The woman referred to in this letter, like so many others, decided :  “I want a kid.”  “I want a kid” – not “Gee, I’d really like to be a Mom.  What’s in the best interest of a child?”  How about a mom and a dad, married, and no daycare?  No.  It was just what “I” want for this woman.  So with this group, she has tried to deconstruct the family in the public schools by saying there’s no Mother’s or Father’s Day – it’s all irrelevant – trying to cover up that she knows she did something wrong to her kid, by intentionally robbing her child of a father, for her own selfish needs.  And our society is giving all of that a pass:  “anything you want to call ‘family’ is a family.” 

It appears that it doesn’t matter what a kid needs.  It just matters what the adults want.

Motherhood: A College Student’s Singular View

I’m turning my blog today over to Sharen Cervantes, a sophomore at Occidental College, with excerpts from an article she wrote for her campus newspaper:

It’s a testament to the changing times that single motherhood is no longer a lamentable predicament, but a choice, something pre-meditated and embarked upon with pleasure.  An even bigger testament to the nature of the 21st century is the fact that more and more of these unwed mothers do not fit the archetype of the uneducated, hapless teenager.

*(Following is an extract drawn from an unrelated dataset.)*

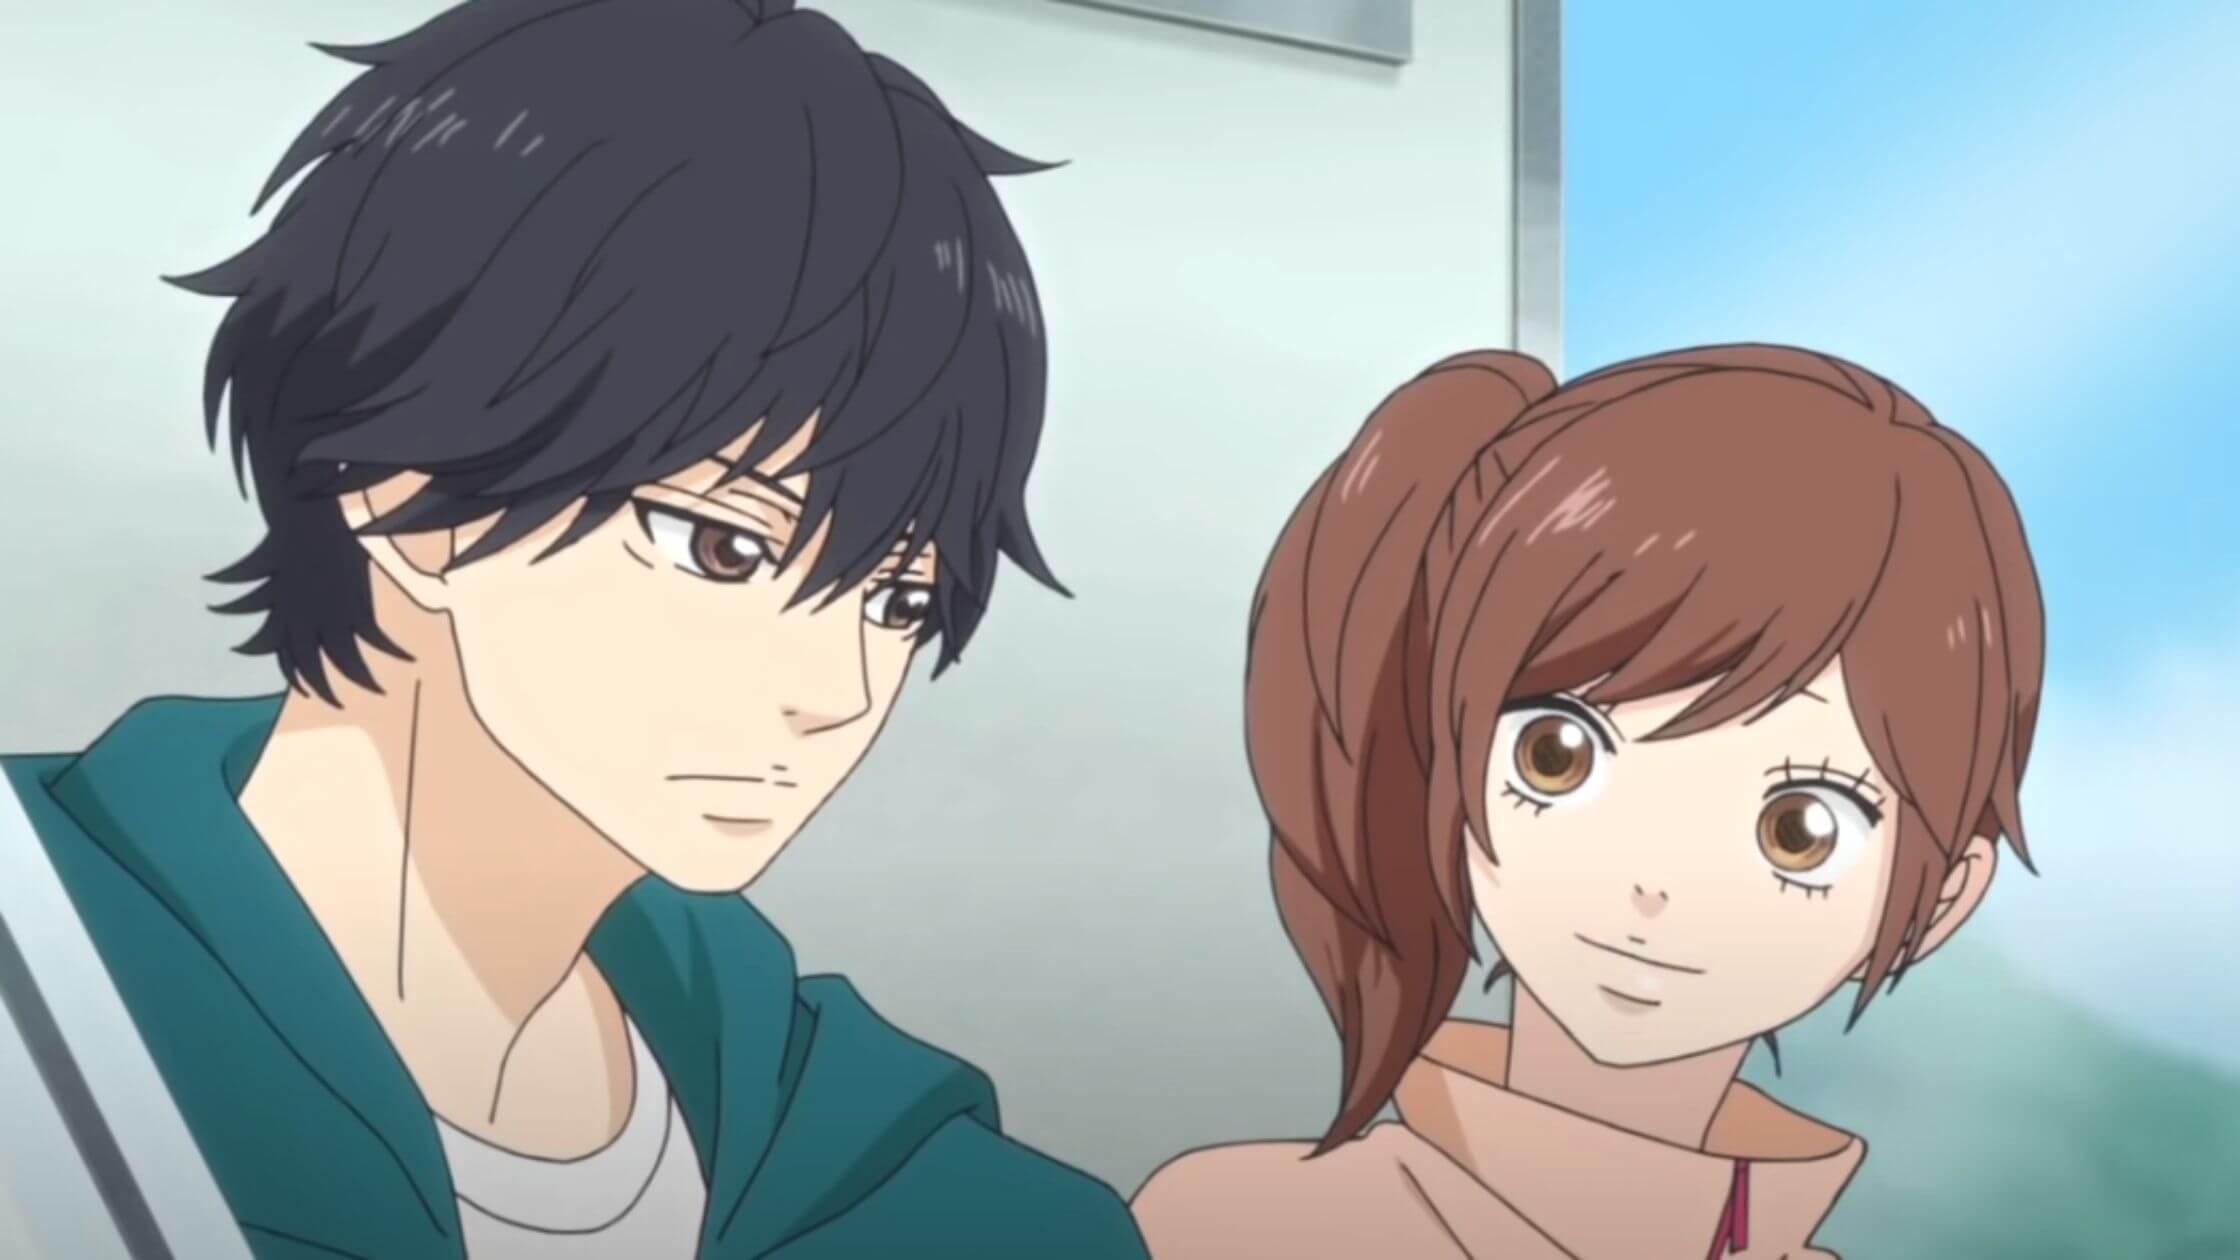 Is-Ao-Haru-Ride-Season-2-Coming-Soon-Revealing-Facts-About-Release-Date-Plot-Cast-Updates-Trailer-And-More-1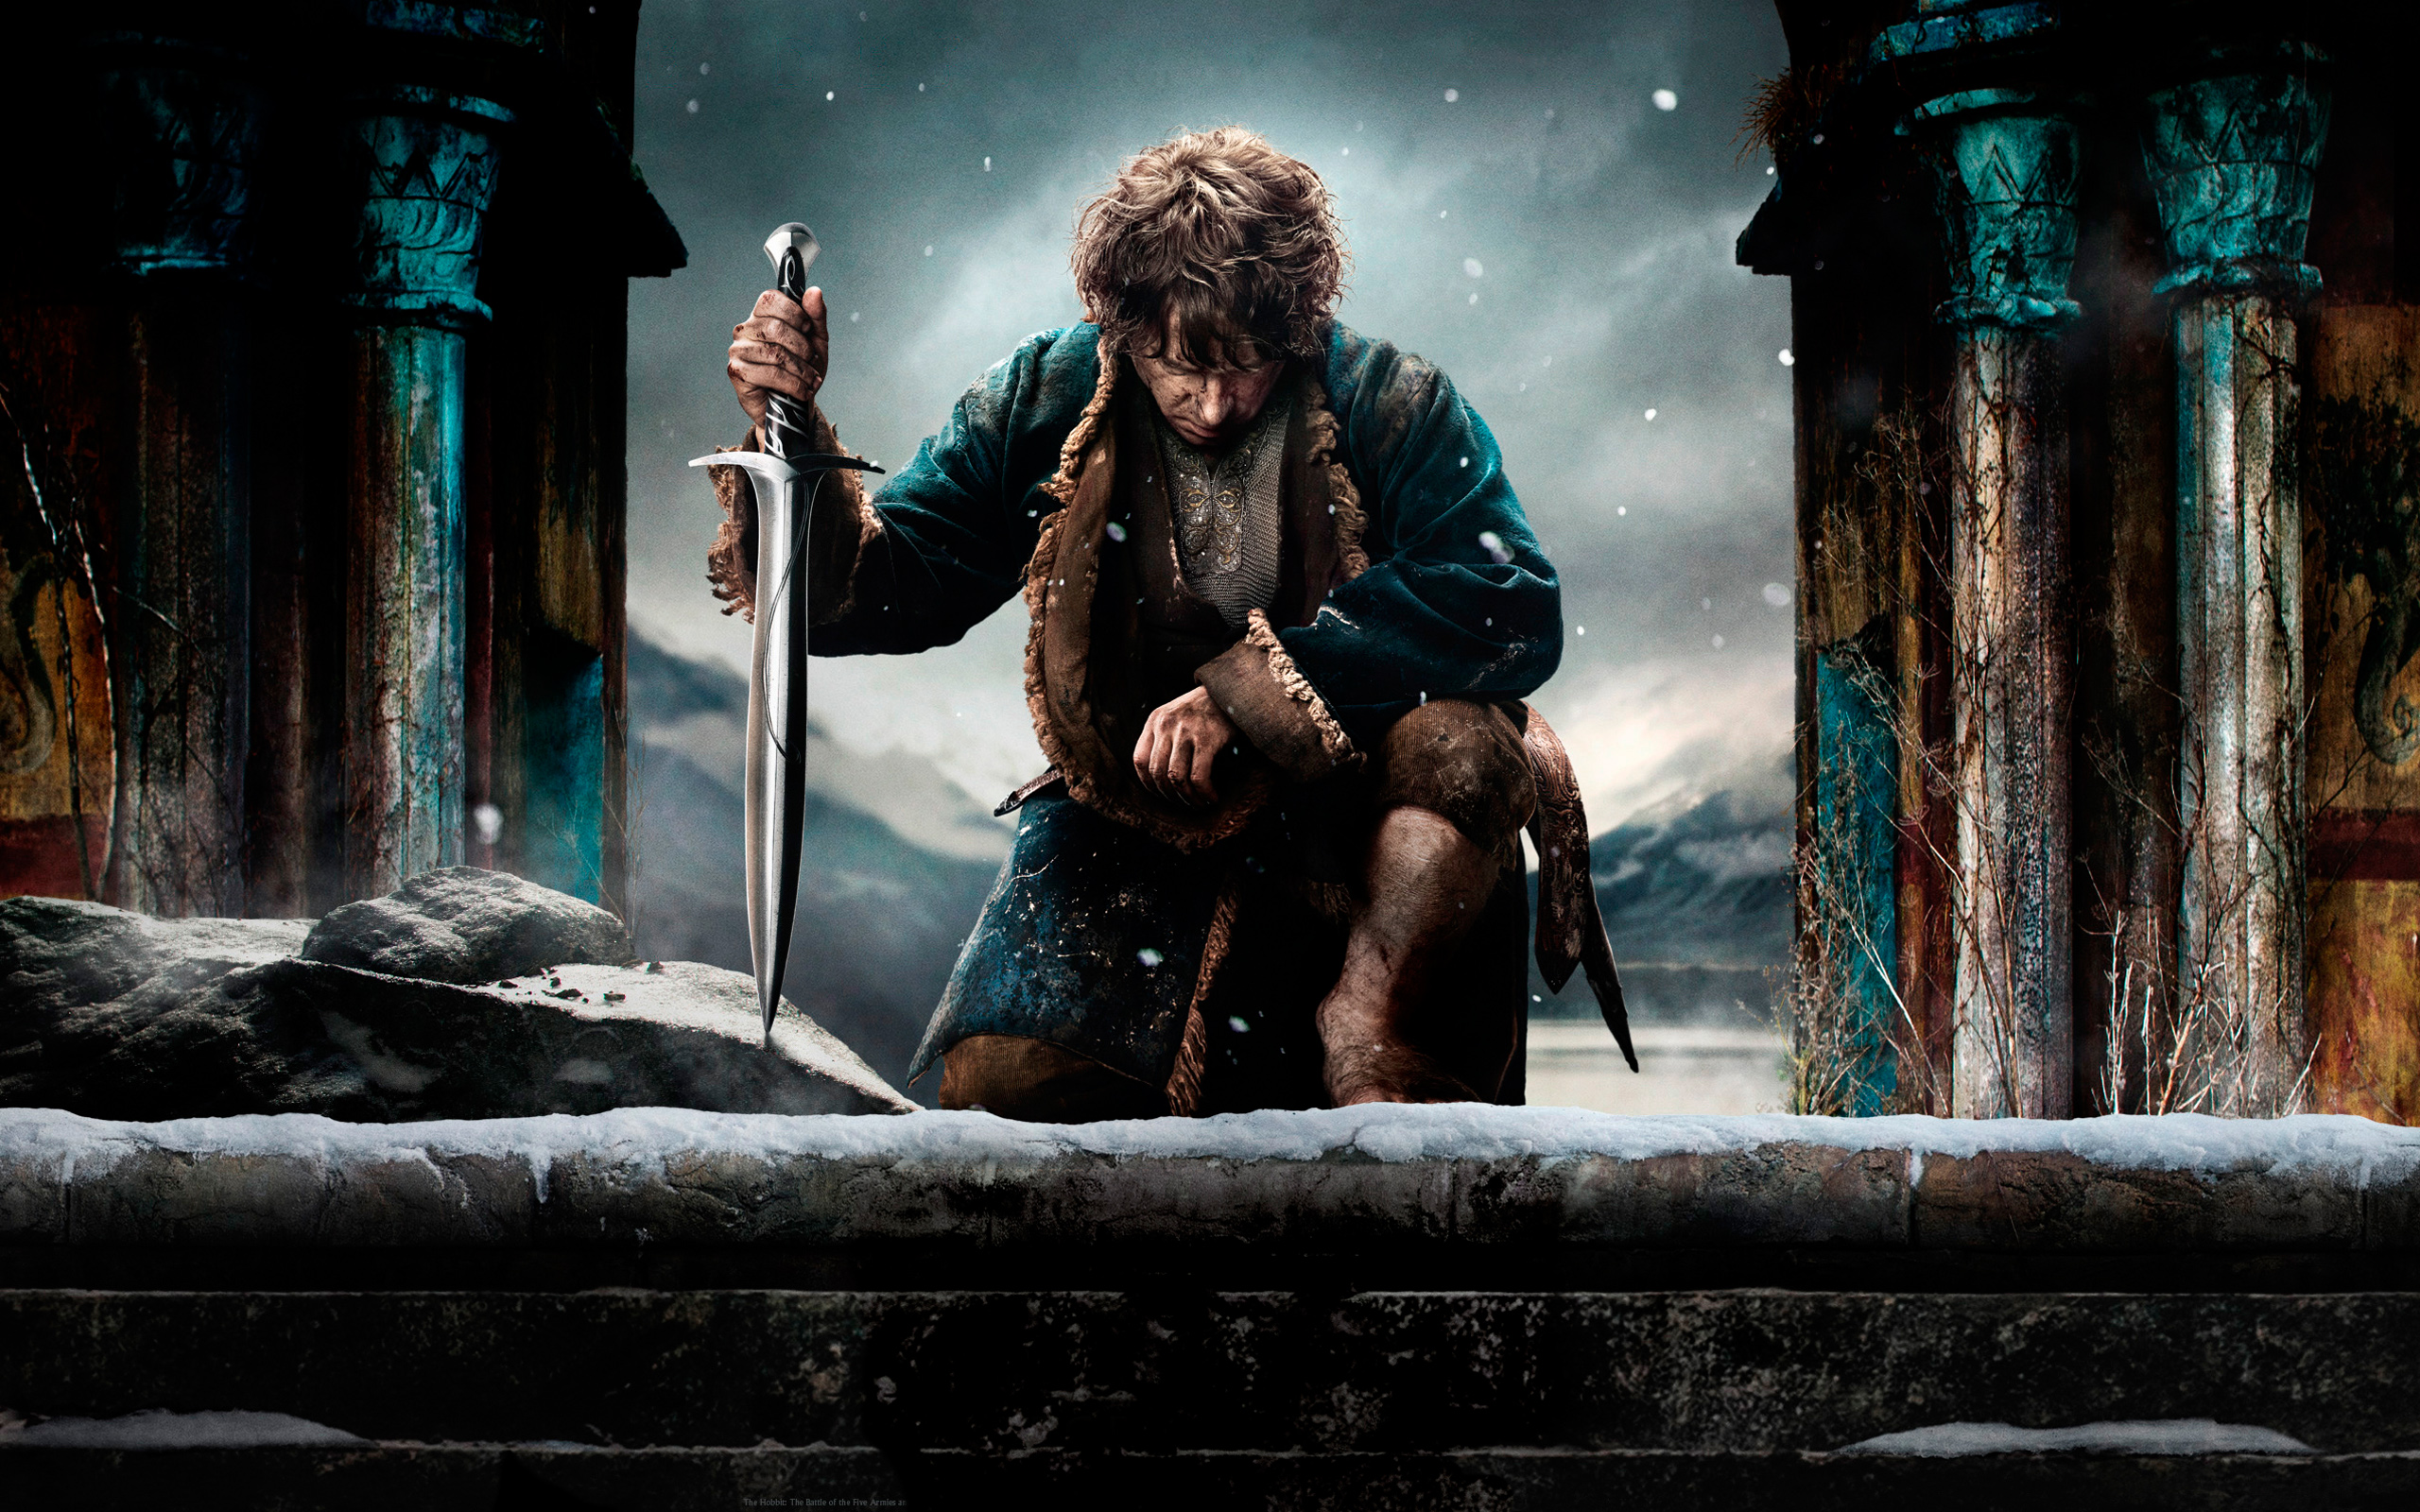 the_hobbit_the_battle_of_the_five_armies_movie-wide1

According to a recent article in “The New York Times,” the number of college-educated women choosing to have children out of wedlock has increased by a staggering 145% since 1980, with most of the women in this pool of mature age (i.e., in their 30s, 40s, and even 50s).

Now, I support progress as much as the next person, and I’m especially supportive when it comes to women’s progress.  Up until a short time ago, women were bound to the household and familial unit, unable to aspire toward anything beyond domestic and childcare obligations….

Single motherhood, however, doesn’t strike me as progress.  While it may serve as testimony that the modern woman can single-handedly manage a household and act as a financial provider, it also denies the single-parent child something essential:  a father.  It’s hard to explain what it means to have or, or why not having one is significant.  The impact of a father’s absence ranges from the trivial…to the vital (forever wondering what a father could have brought to your life, for instance).  And there’s just something about having a second parental figure in the house to forget or disregard a punishment when Mom is away.  Things aren’t always this rosy, of course.  I’m enough of a cynic to realize that phenomena like divorce and negligent fathers make single motherhood almost more desirable than traditional husband/wife parenthood.  But shouldn’t the dual-parent model still be a goal?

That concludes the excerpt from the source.